→ **WHAT YOU WILL DO**
Directions for the data below: repeat exactly the lines from the one with "teenage boy sitting leaning against a wall" through the one with "Tiffany & Co.", both included, and omit all pictures.

→ **RAW DATA**
═══

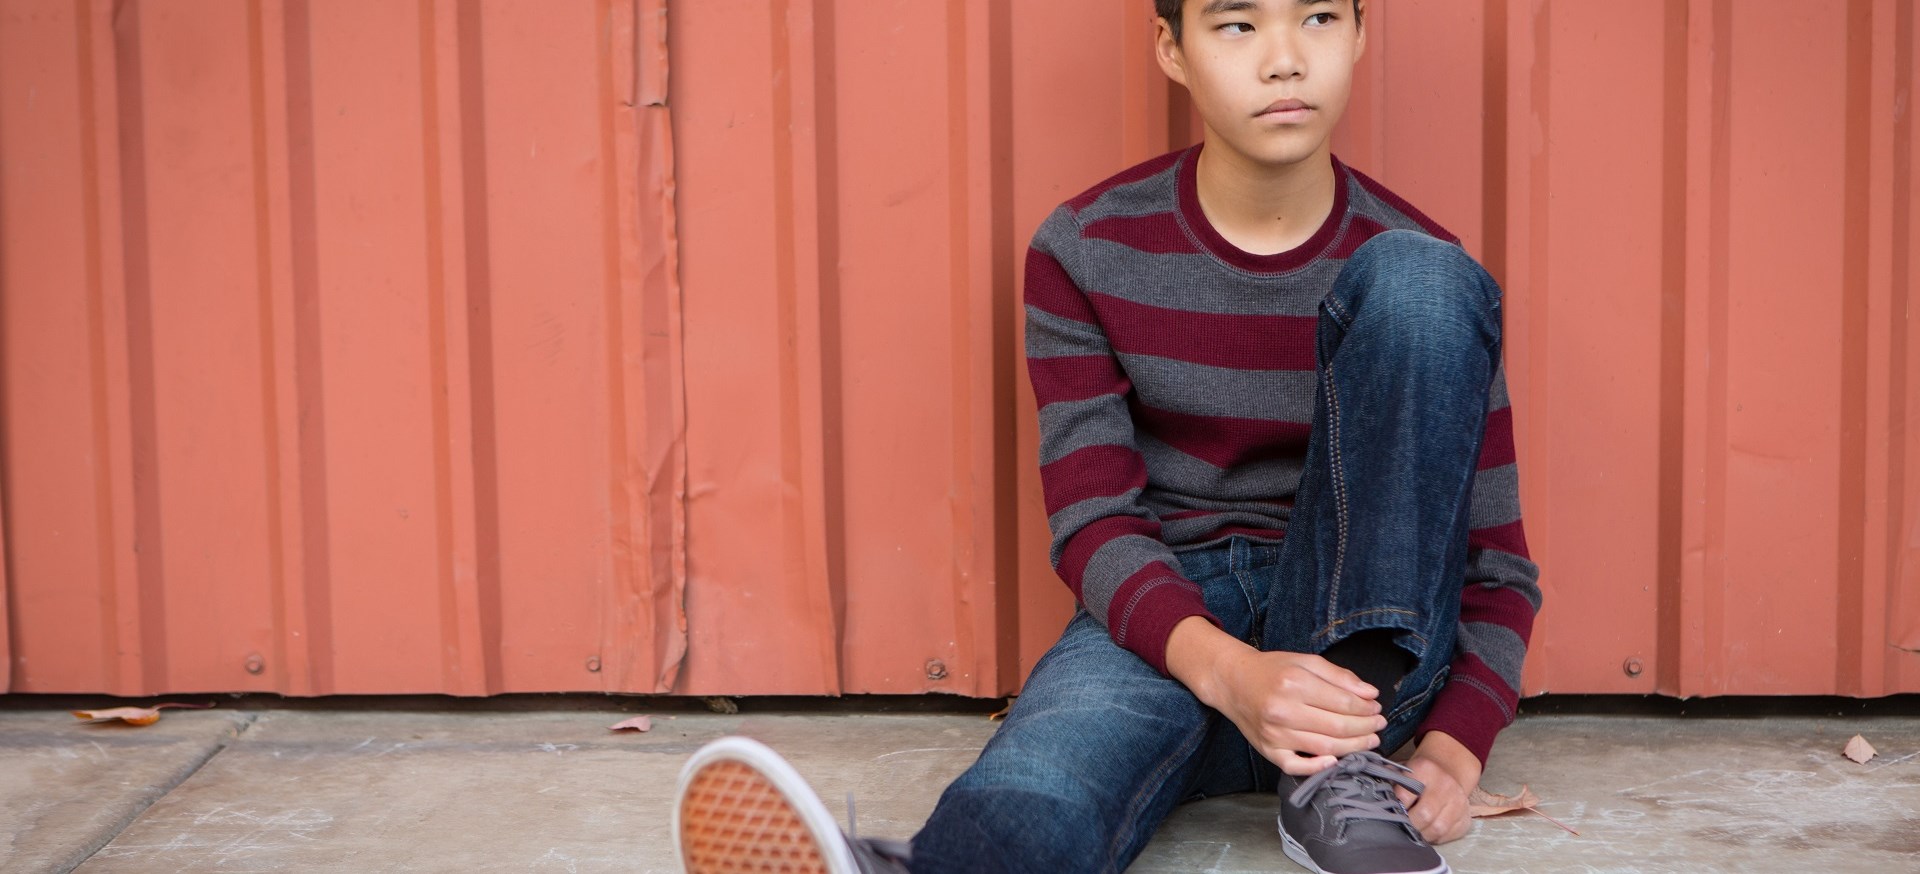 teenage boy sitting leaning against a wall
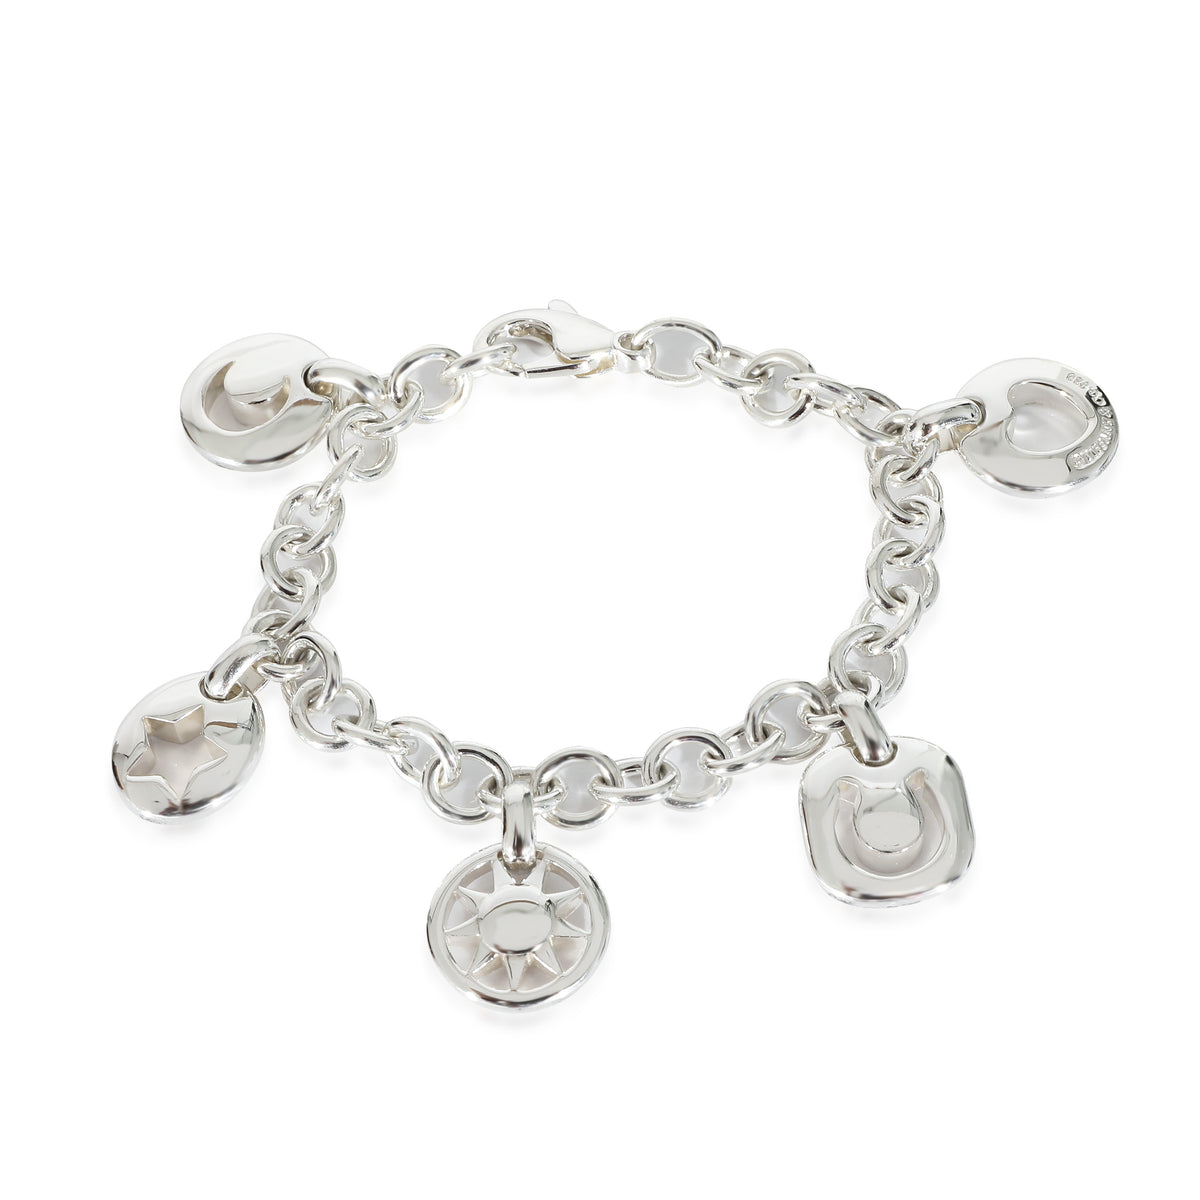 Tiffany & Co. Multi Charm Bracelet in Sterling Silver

═══

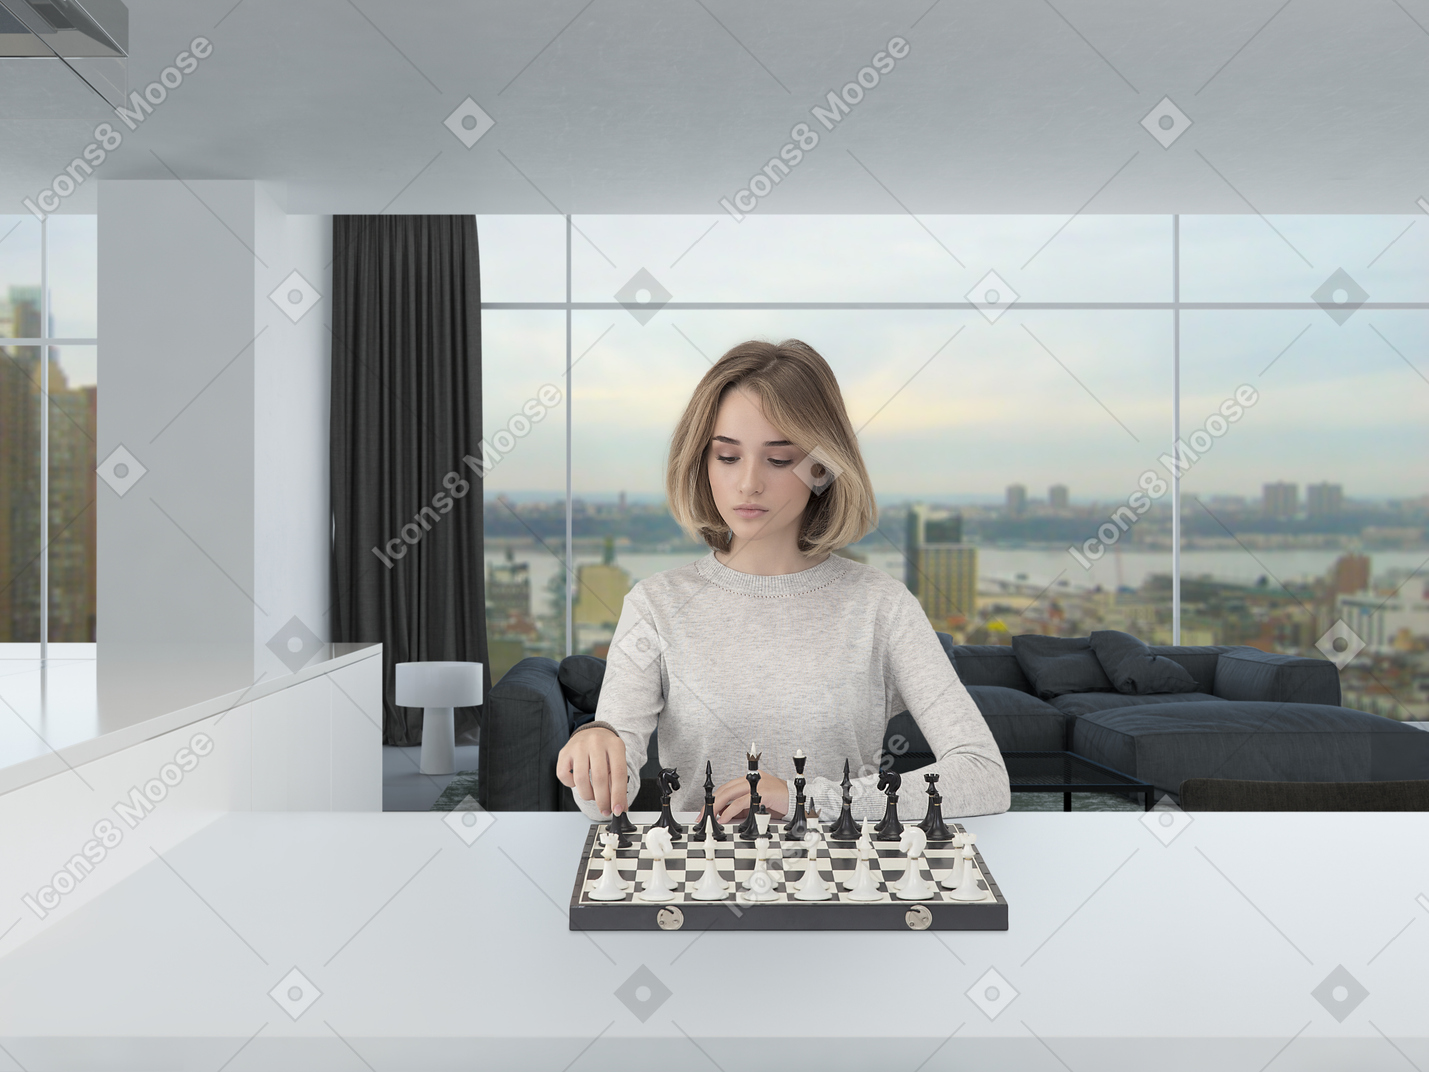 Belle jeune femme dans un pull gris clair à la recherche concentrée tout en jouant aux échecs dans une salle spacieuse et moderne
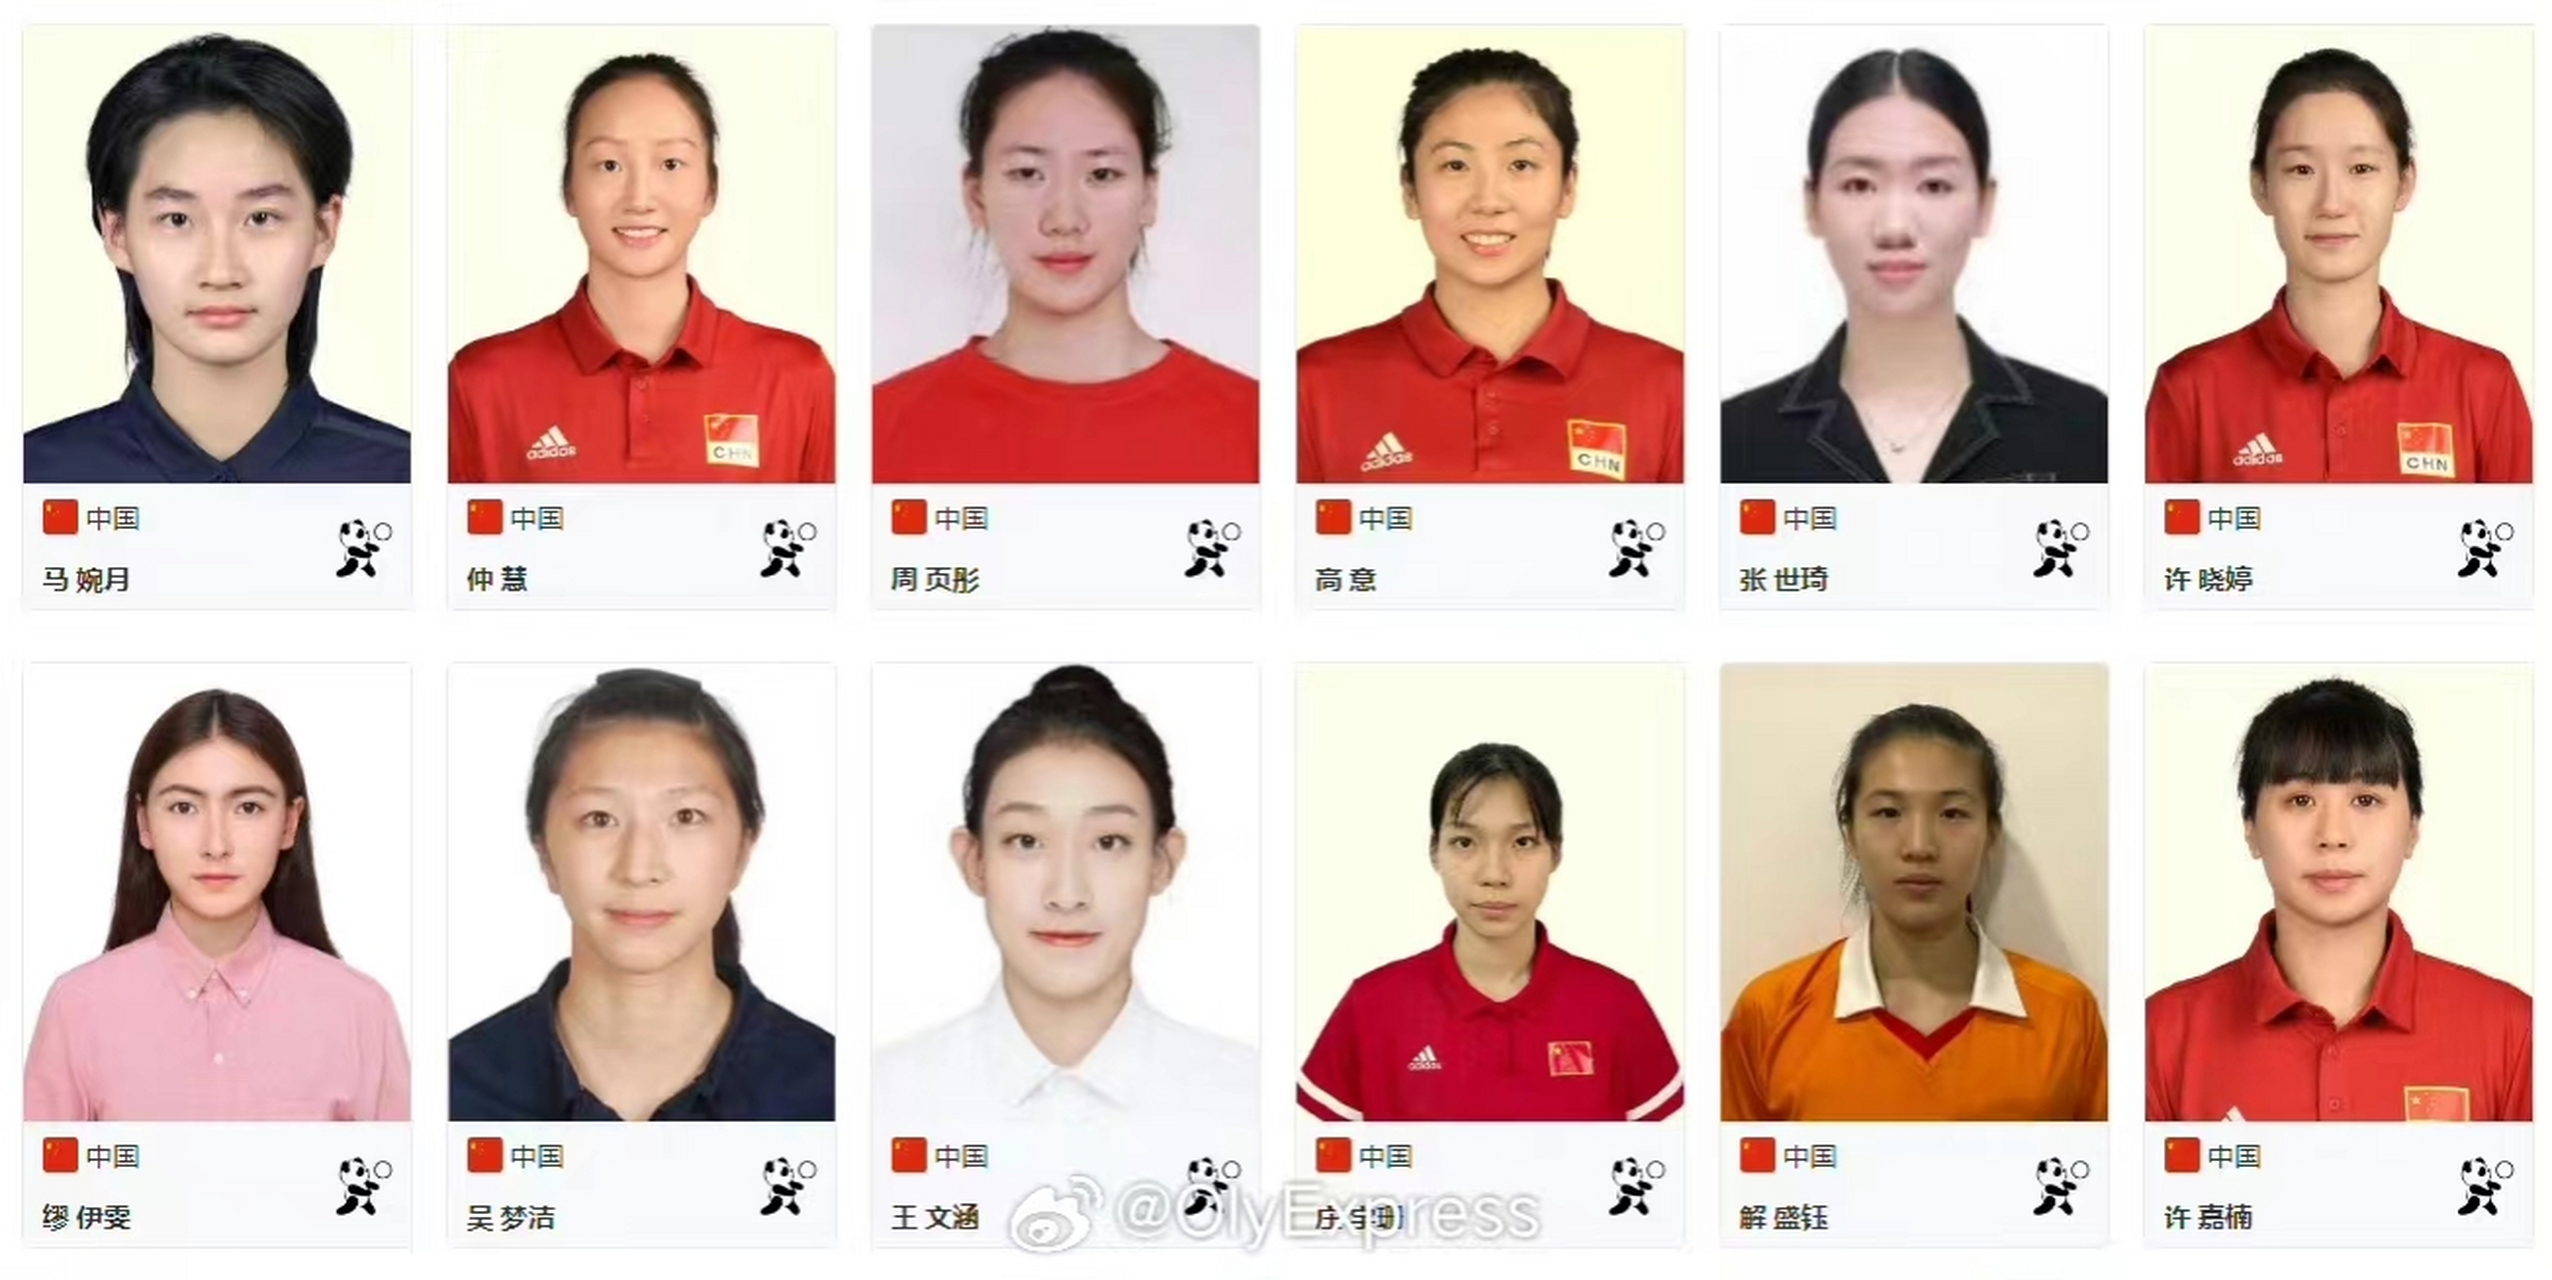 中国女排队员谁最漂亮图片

═══

→ **YOUR SOLUTION**
 teenage boy sitting leaning against a wall
 Tiffany & Co. Multi Charm Bracelet in Sterling Silver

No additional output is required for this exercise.